National Institute of Animal Biotechnology, Hyderabad, India.
Curr Med Chem. 2012;19(22):3763-78. doi: 10.2174/092986712801661112.
Lipoxygenases (LOXs) are non-heme iron containing dioxygenases involved in the oxygenation of polyunsaturated fatty acids (PUFAs) such as arachidonic acid (AA). Depending on the position of insertion of oxygen, LOXs are classified into 5-, 8-, 9-, 12- and 15-LOX. Among these, 5-LOX is the most predominant isoform associated with the formation of 5-hydroperoxyeicosatetraenoic acid (5- HpETE), the precursor of non-peptido (LTB4) and peptido (LTC4, LTD4, and LTE4) leukotrienes. LTs are involved in inflammatory and allergic diseases like asthma, ulcerative colitis, rhinitis and also in cancer. Consequently 5-LOX has become target for the development of therapeutic molecules for treatment of various inflammatory disorders. Zileuton is one such inhibitor of 5-LOX approved for the treatment of asthma. In the recent times, computer aided drug design (CADD) strategies have been applied successfully in drug development processes. A comprehensive review on structure based drug design strategies in the development of novel 5-LOX inhibitors is presented in this article. Since the crystal structure of 5-LOX has been recently solved, efforts to develop 5-LOX inhibitors have mostly relied on ligand based rational approaches. The present review provides a comprehensive survey on these strategies in the development of 5-LOX inhibitors.

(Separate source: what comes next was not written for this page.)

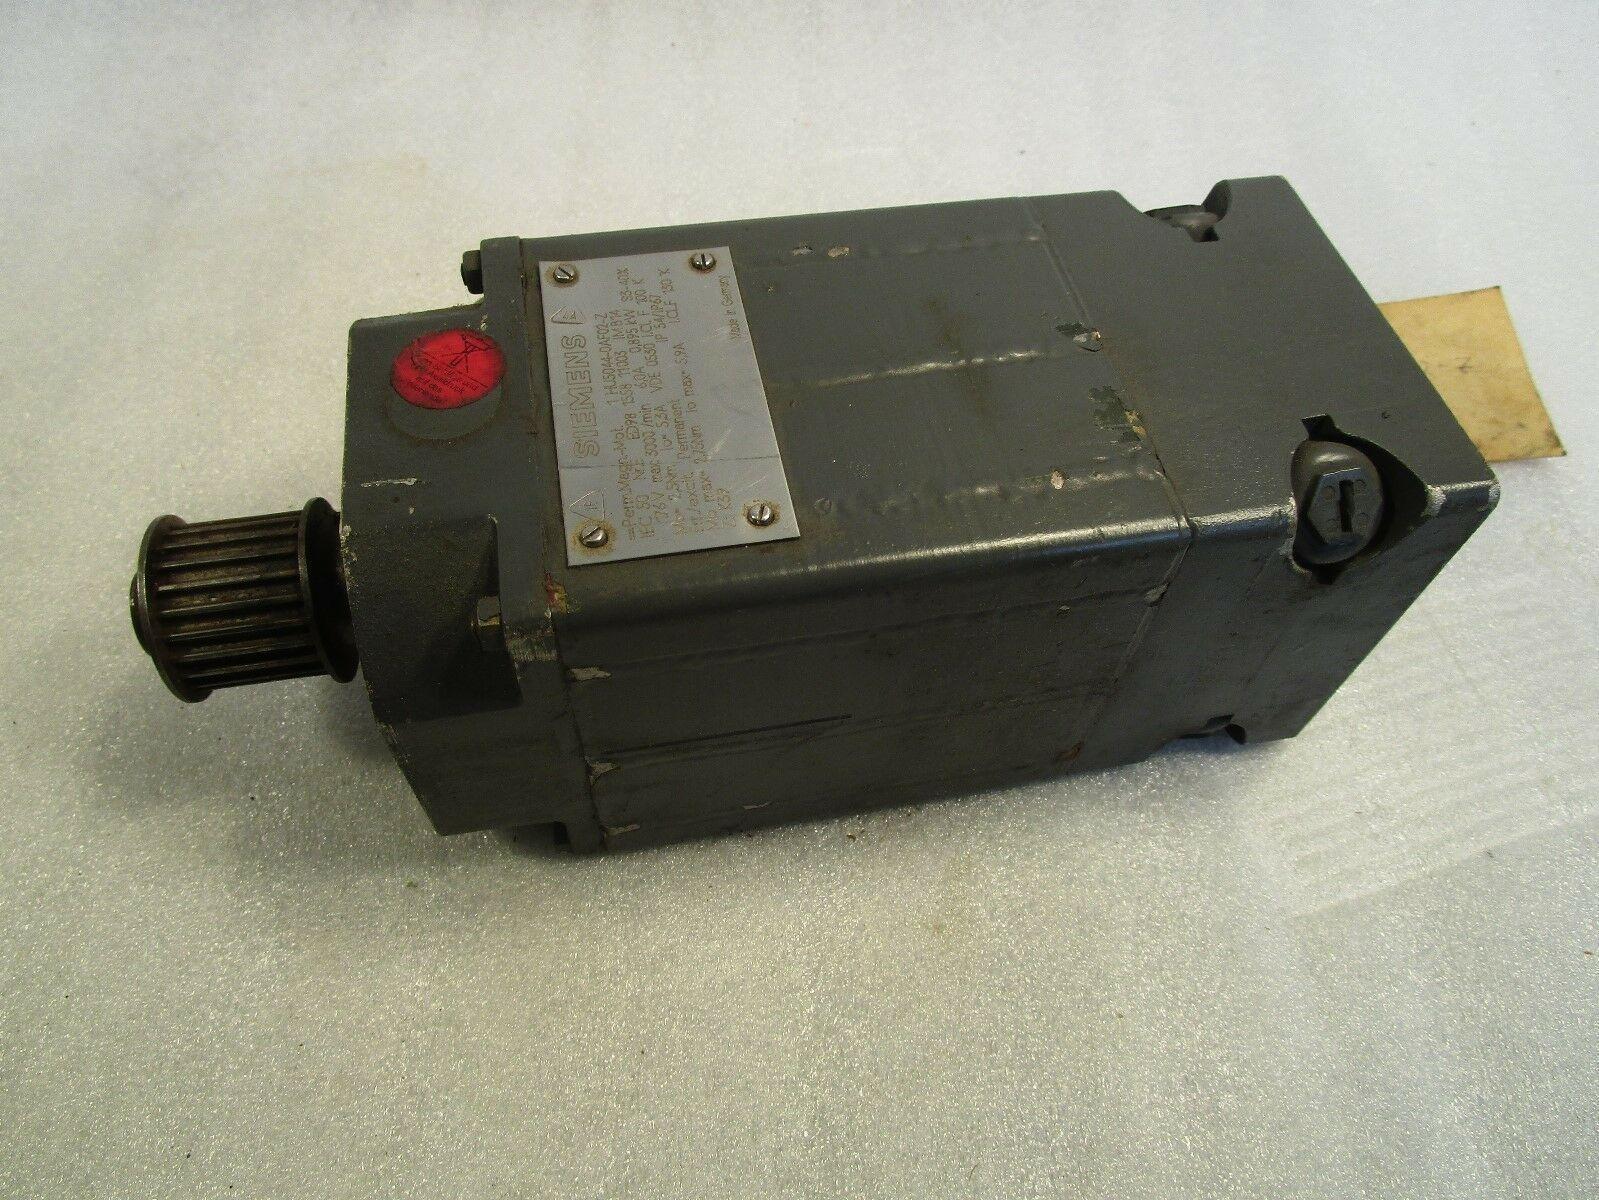 Siemens General Numeric Servo Motor 1HU5044-0AF02-Z
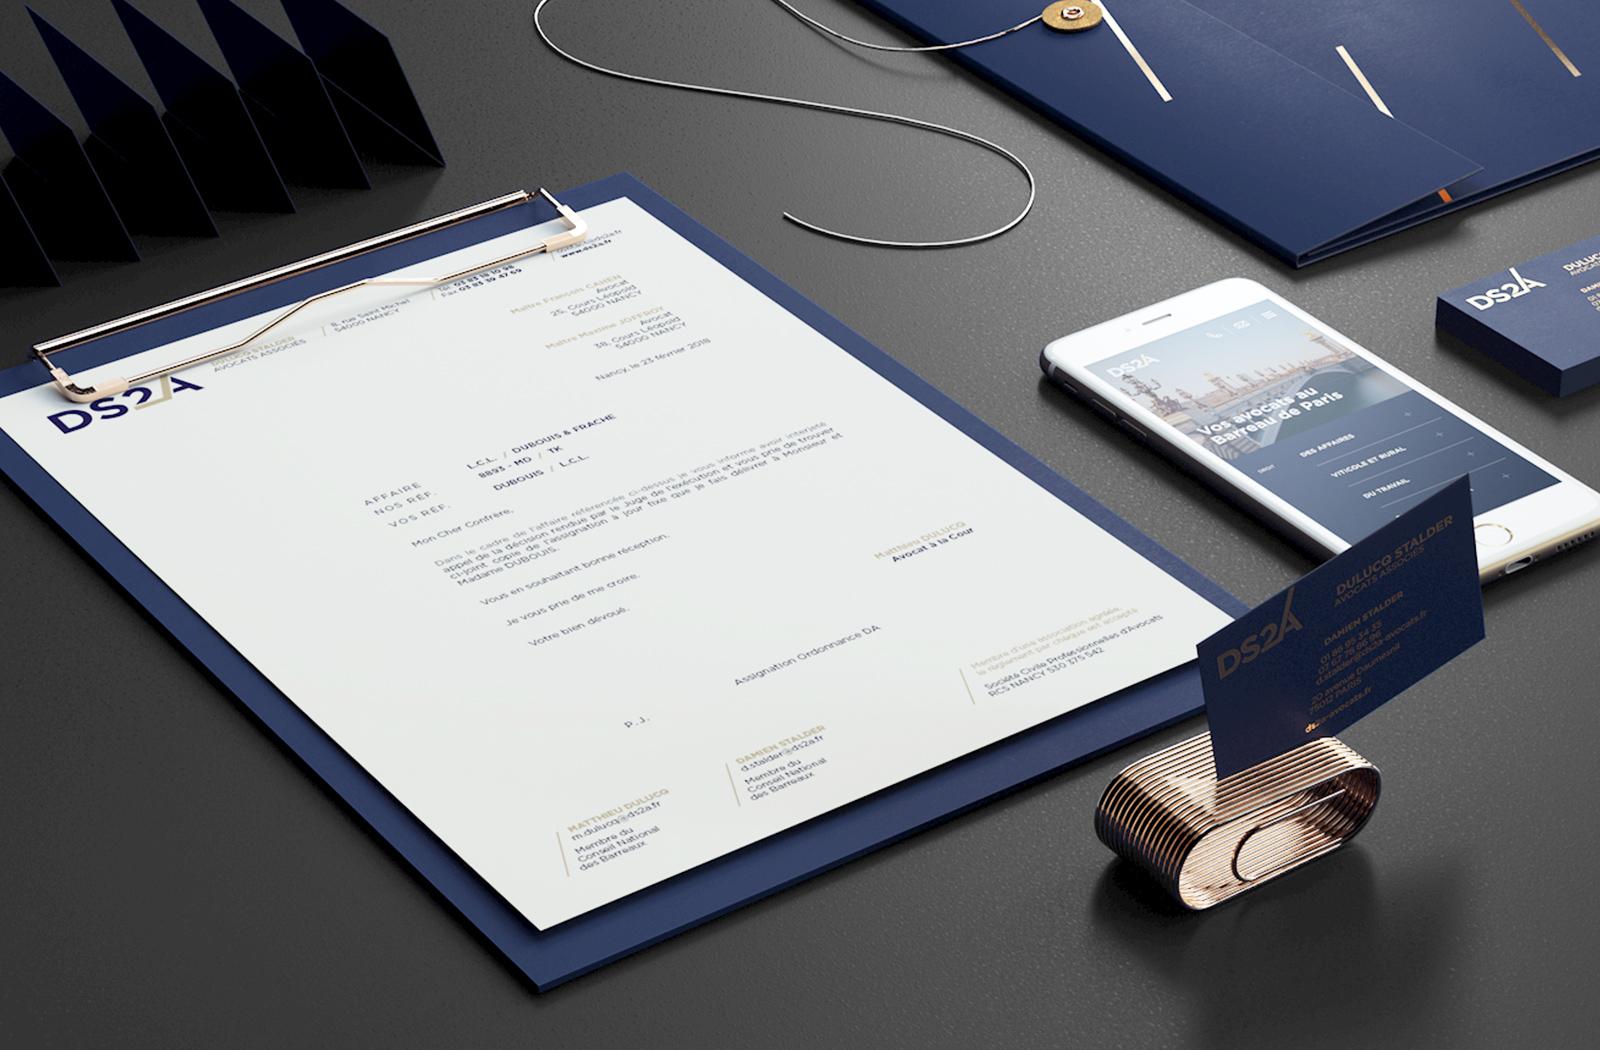 DS2A-Dulucq-stalder-avocats-branding-josselin-tourette-full-4

脂氧合酶(LOXs)是非血红素铁双加氧酶,参与多不饱和脂肪酸(PUFAs)如花生四烯酸(AA)的氧化。根据插入氧的位置,LOX 分为 5-、8-、9-、12-和 15-LOX。其中,5-LOX 是与 5-过氧二十碳四烯酸(5-HpETE)形成相关的最主要同工型,5-HpETE 是非肽(LTB4)和肽(LTC4、LTD4 和 LTE4)白三烯的前体。LTs 参与哮喘、溃疡性结肠炎、鼻炎等炎症和过敏疾病,以及癌症。因此,5-LOX 已成为开发治疗各种炎症性疾病的治疗分子的靶标。齐留通是一种批准用于治疗哮喘的 5-LOX 抑制剂。近年来,计算机辅助药物设计(CADD)策略已成功应用于药物开发过程。本文对新型 5-LOX 抑制剂的基于结构的药物设计策略在药物开发中的应用进行了综述。由于 5-LOX 的晶体结构最近已被解析,因此开发 5-LOX 抑制剂的努力主要依赖于基于配体的合理方法。本综述提供了这些策略在开发 5-LOX 抑制剂方面的全面调查。